Wednesday, August 8, 2012

Shades of my Father

Recently my beloved daughter dropped my sunglasses, shattering one of the lenses. She was extraordinarily - and unnecessarily - apologetic. I have long come to expect her clumsiness. It's almost cute, now.

Nonetheless, later that afternoon, we had a shopping trip planned. We had intended to purchase new bedding; a 12-y/o is in a constantly-shifting sense of self, and expression. Her bed is but one means of this. I told her that morning not to worry, we'd just add the sunglasses shop to our trip.

When we arrived, I cautioned her: it takes me forever to select a proper pair of sunglasses. They have to fit right, and they have to look right. That the shape of my face has changed dramatically in the last four years only makes the trial more difficult. She took it in stride, and insisted on helping. It was a sweet offer.

We'd each pick a pair off the under-lit trays in an over-heated store, I'd try them on, and we'd independently judge them: "no."

At one point, she was off to one end of the row while I was more to the middle. I came across a pair of silver-framed, square shaped aviators. I put them on. They fit me. They... just fit. I wanted them.

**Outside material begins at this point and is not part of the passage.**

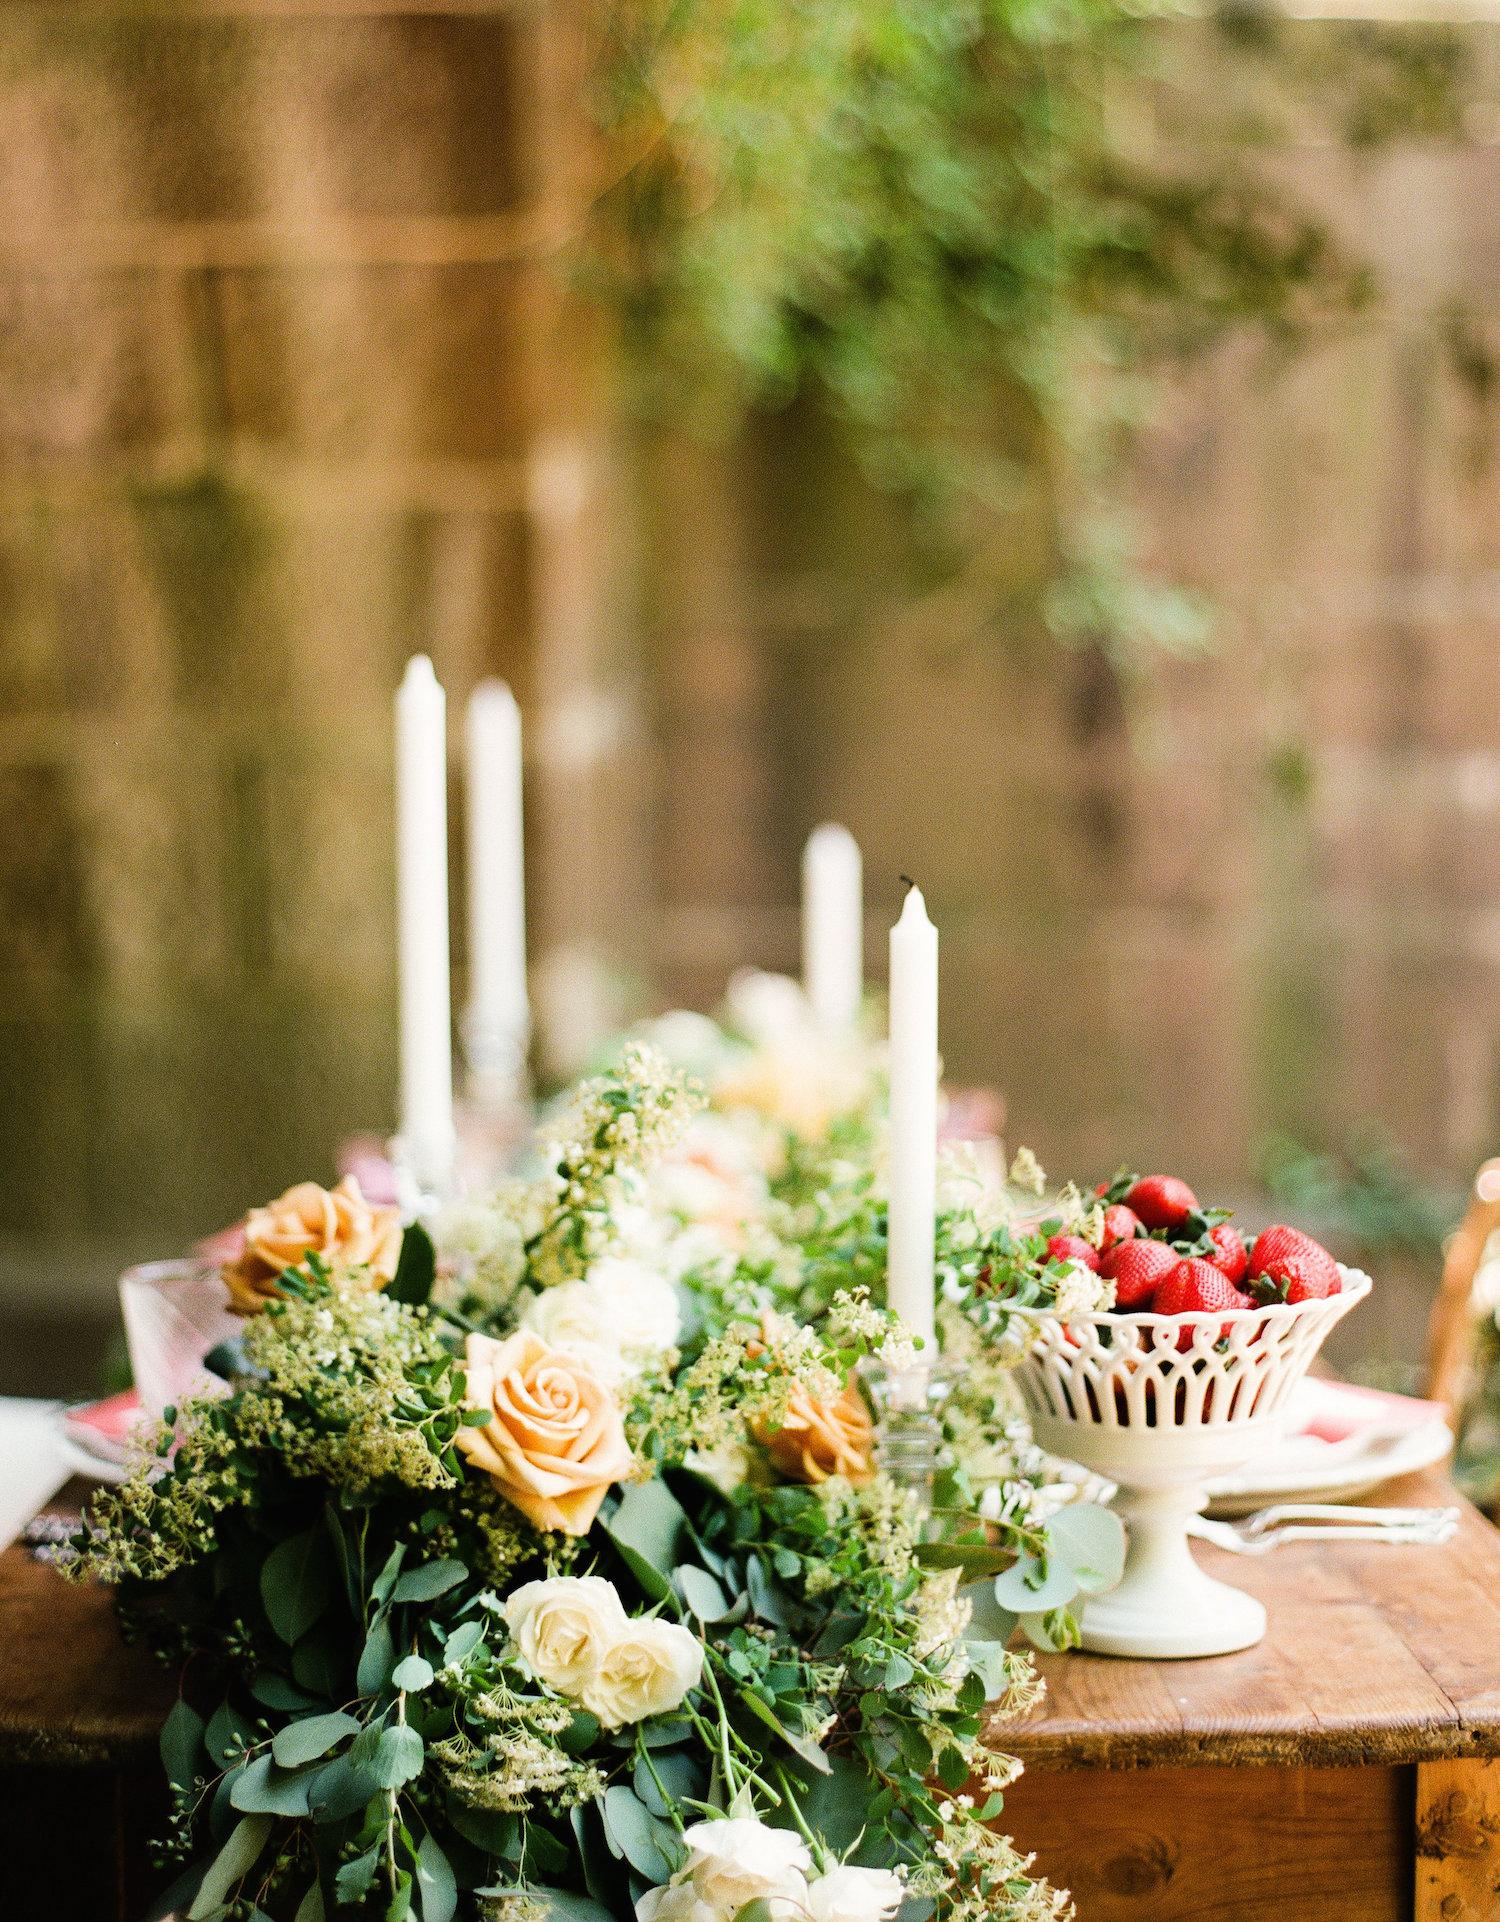 Morning Glow - Full Aperture Floral & Lindsay Madden Photography 78.jpeg

I asked Madison - notably without leading her - and she cautiously offered a, "nooo, I don't think so." I replied, "Are you sure? I rather like them. My dad used to wear these." "Well, maybe..."

We continued to look on, but I kept them hidden away, just in case. I tried pair after pair, and none of them were right. We eventually discovered the exact pair that I had been broken, so I of course selected those, too. The saleswoman came over to offer that "buying one gets one half-off." How serendipitous.

Again, without prompting, Madison asks, "What about those silver ones, Dad?" "I thought you didn't like them?" "I think I do." "Let me see them again."

I rescued them from their hiding spot and put them on. Again, they felt right.

"They look really good, Dad," Madison proclaimed. She couldn't see what was hidden behind those mirror-lensed sunglasses. I'm afraid the look would have concerned her; she's too young to understand. But a part of it was pride.

I took both pairs to the counter and paid. The saleswoman asked if I'd like to wear a pair out of the store, and Madison replied in my stead: "The silver ones."

Here's a picture of my father and I when I was just a boy.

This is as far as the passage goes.